Ok you'll need to adjust the voltage yourself probably 1.45 should be enough might have to go to 1.5ish. And I have 1333 ram it's on auto so when I OC my CPU the ram OC as well. It's at 1524 in my rig. You might need to change it to auto in your bios if it's not already.


----------



## Tyree (May 10, 2009)

Brand & Model of the RAM, GPU and PSU?


----------



## keisuke999 (Mar 3, 2011)

Ram elixer
Psu corsair 850tx
Gpu radeon hd 6870


----------



## keisuke999 (Mar 3, 2011)

Sorry for not posting the numbers. Turns out my 4.1 OC wasn't as stable as I thought. My internet browsers stopped working for some reason, so I tried posting with my Android. But, I guess that didn't go as planned.

Now I am at 4013mhz, which seems kinda low for my setup. I ran Prime95 for about 4 hours and the temp never got above 49C, which seems to me that I should have a lot more room to overclock. I just can't seem to get it stable.

RAM Elixer w3u1333q-4g
GPU Radeon HD 6870 Part Code: hd-687a-znfc serial: lyu118939
PSU Corsair TX850W Model: CMPSU-850TX
MB: Crosshair IV Extreme
CPU: Phenom II 3.2GHz Black Edition 1090

Thank you in advance.


----------



## llacrossedude7 (Jul 31, 2009)

Raise the multiplier to 17-18 range and lower your FSB to around 235-245, then up your voltage to around 1.45-1.55.


----------



## keisuke999 (Mar 3, 2011)

Okay, thanks guys. I just tried it, it it's running quite stable now! I will run Prime95 after this to, you know, see how stable it actually is.

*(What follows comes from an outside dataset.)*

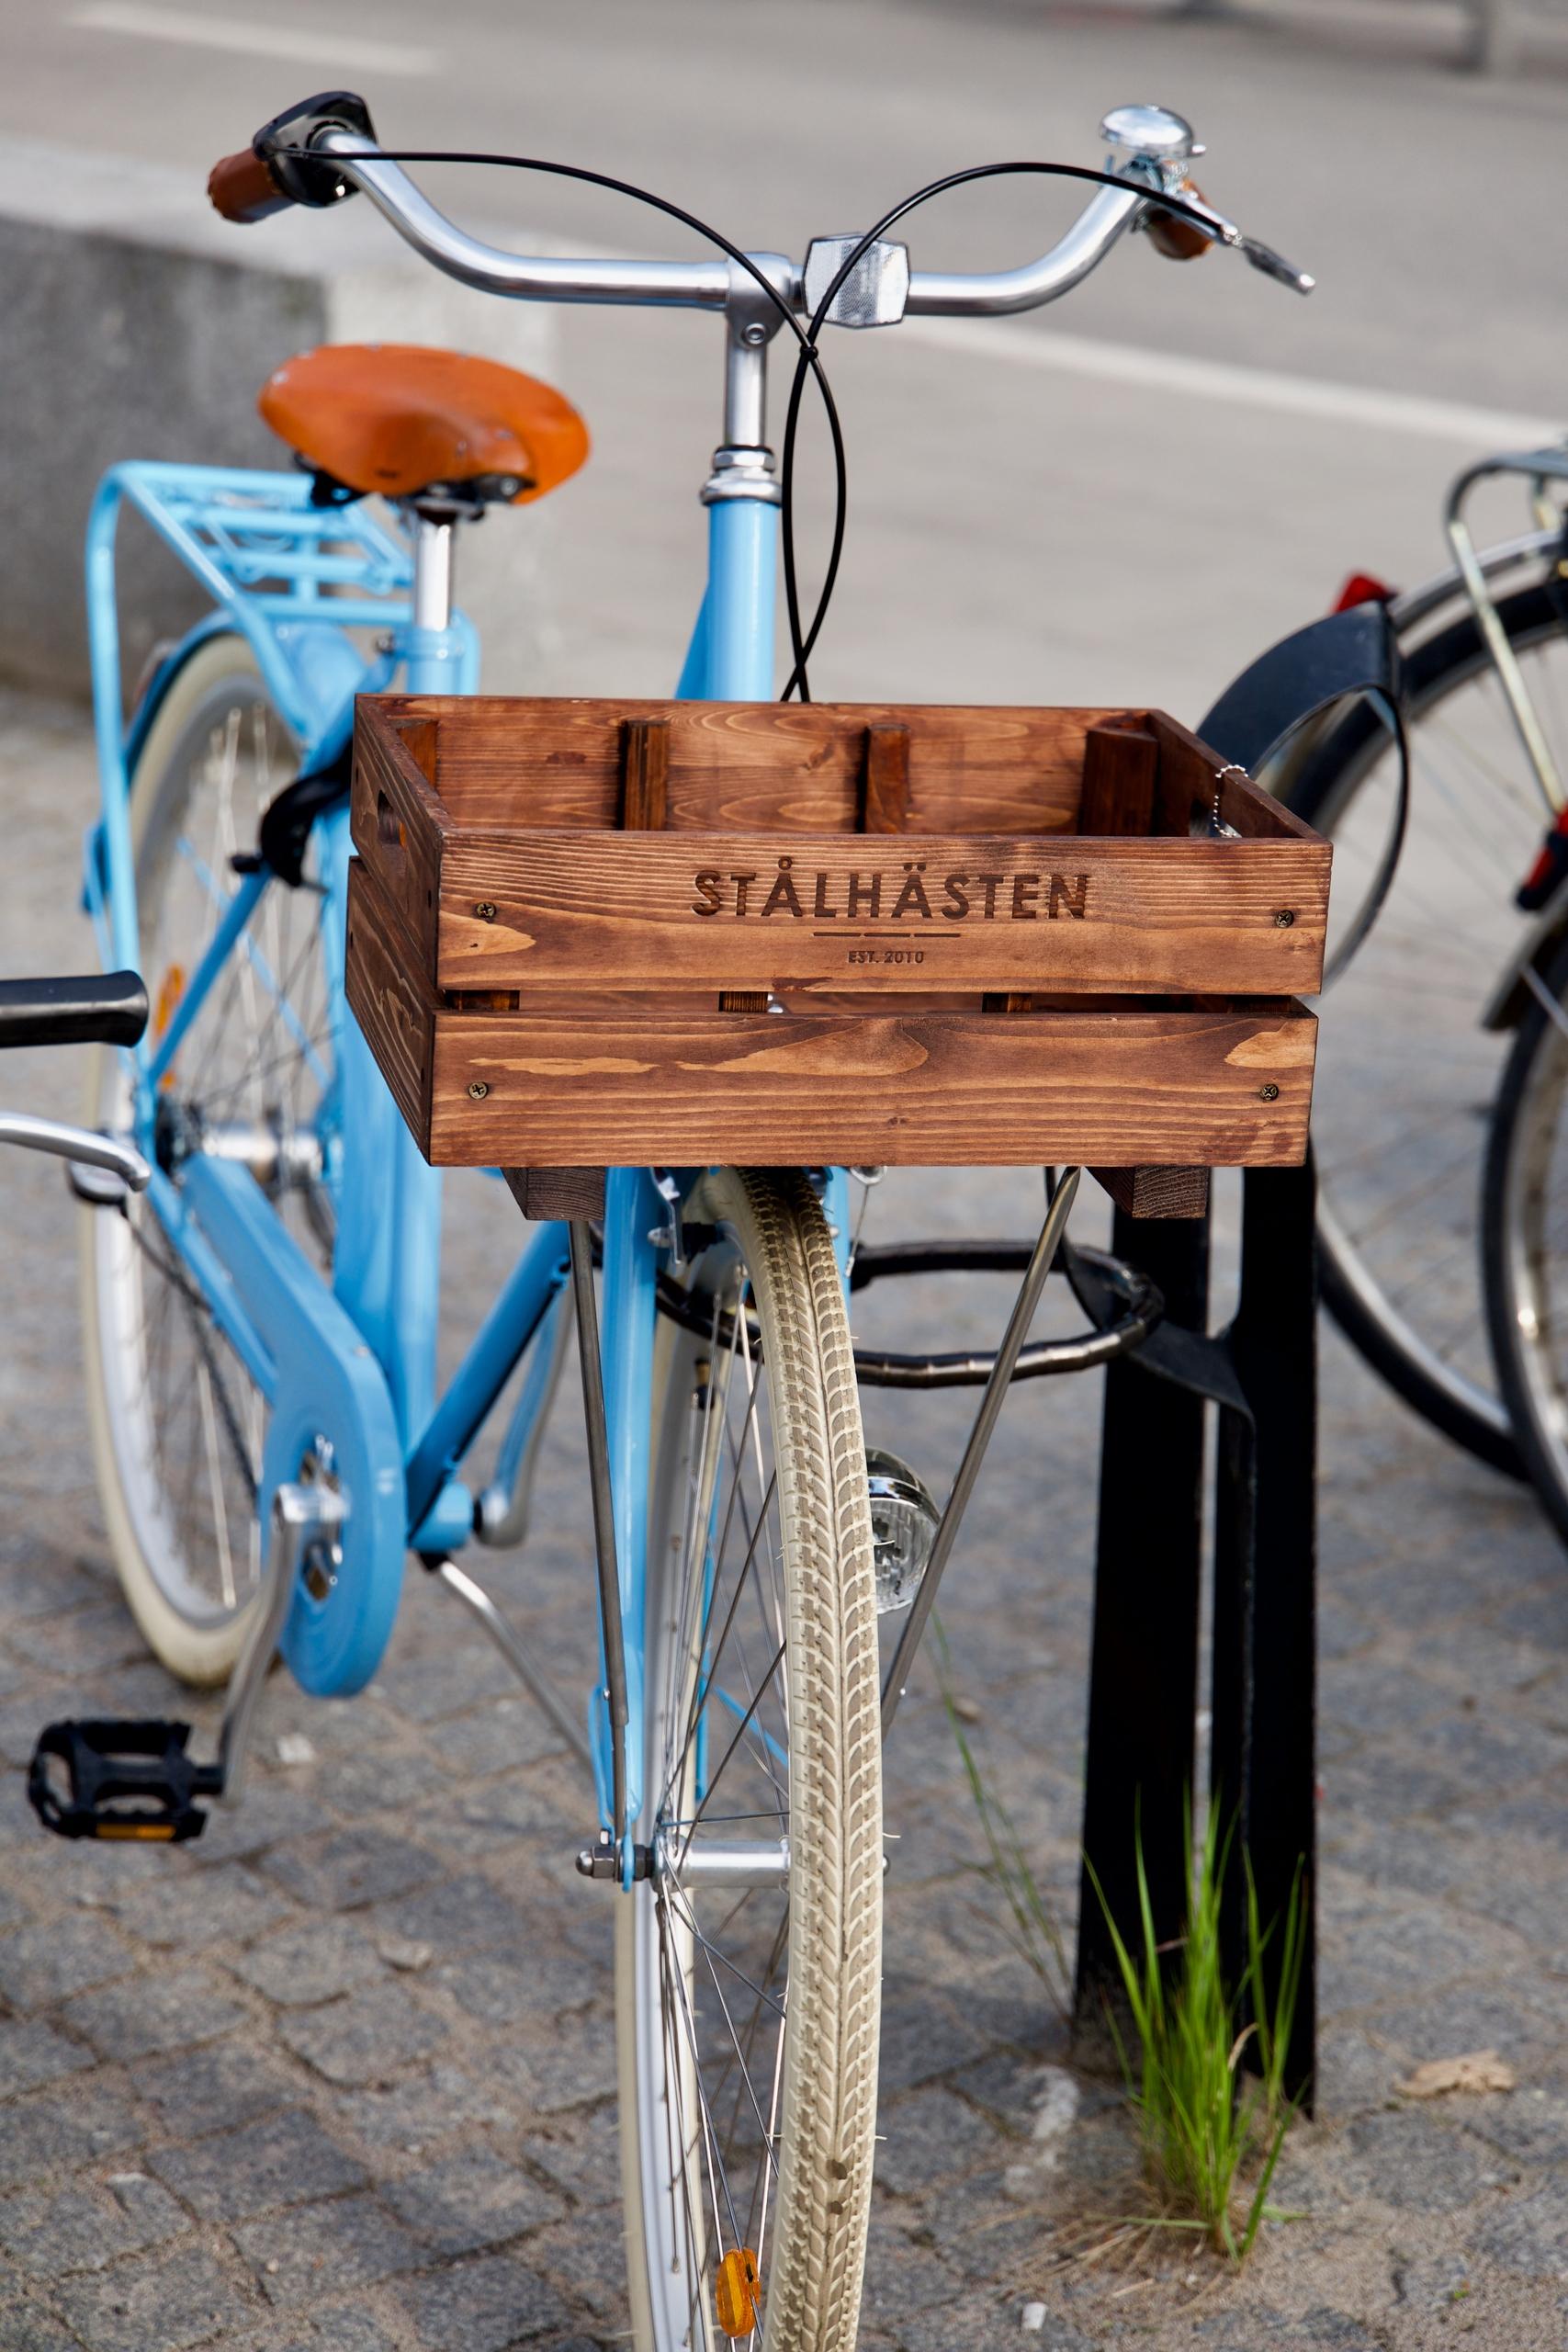 Stockholm - tolararmitt | ello

Anyway, looking at my temp and whatnot, do you think I could shoot for a little higher? Or would that be too risky?

Again, thanks guys!


----------



## keisuke999 (Mar 3, 2011)

Okay, wow! Blue screen city over here!

I set it to 235 FSB 18 multiplier and 1.45V and it runs great.

But, I tried setting it at 245 FSB(about 4425MHz) and it was BSODing all over the place. So I raised the voltage to 1.50 but it went into the red. 

Even if it goes in the red, should I still put it at 1.55? This may be a noob question, but I really don't want to ruin anything.


----------



## llacrossedude7 (Jul 31, 2009)

Yeah you can safely go into the red voltage levels but you need to have proper cooling, so try 238 * 18 and see if you can hit 4.3 safely with 1.5 volts.


----------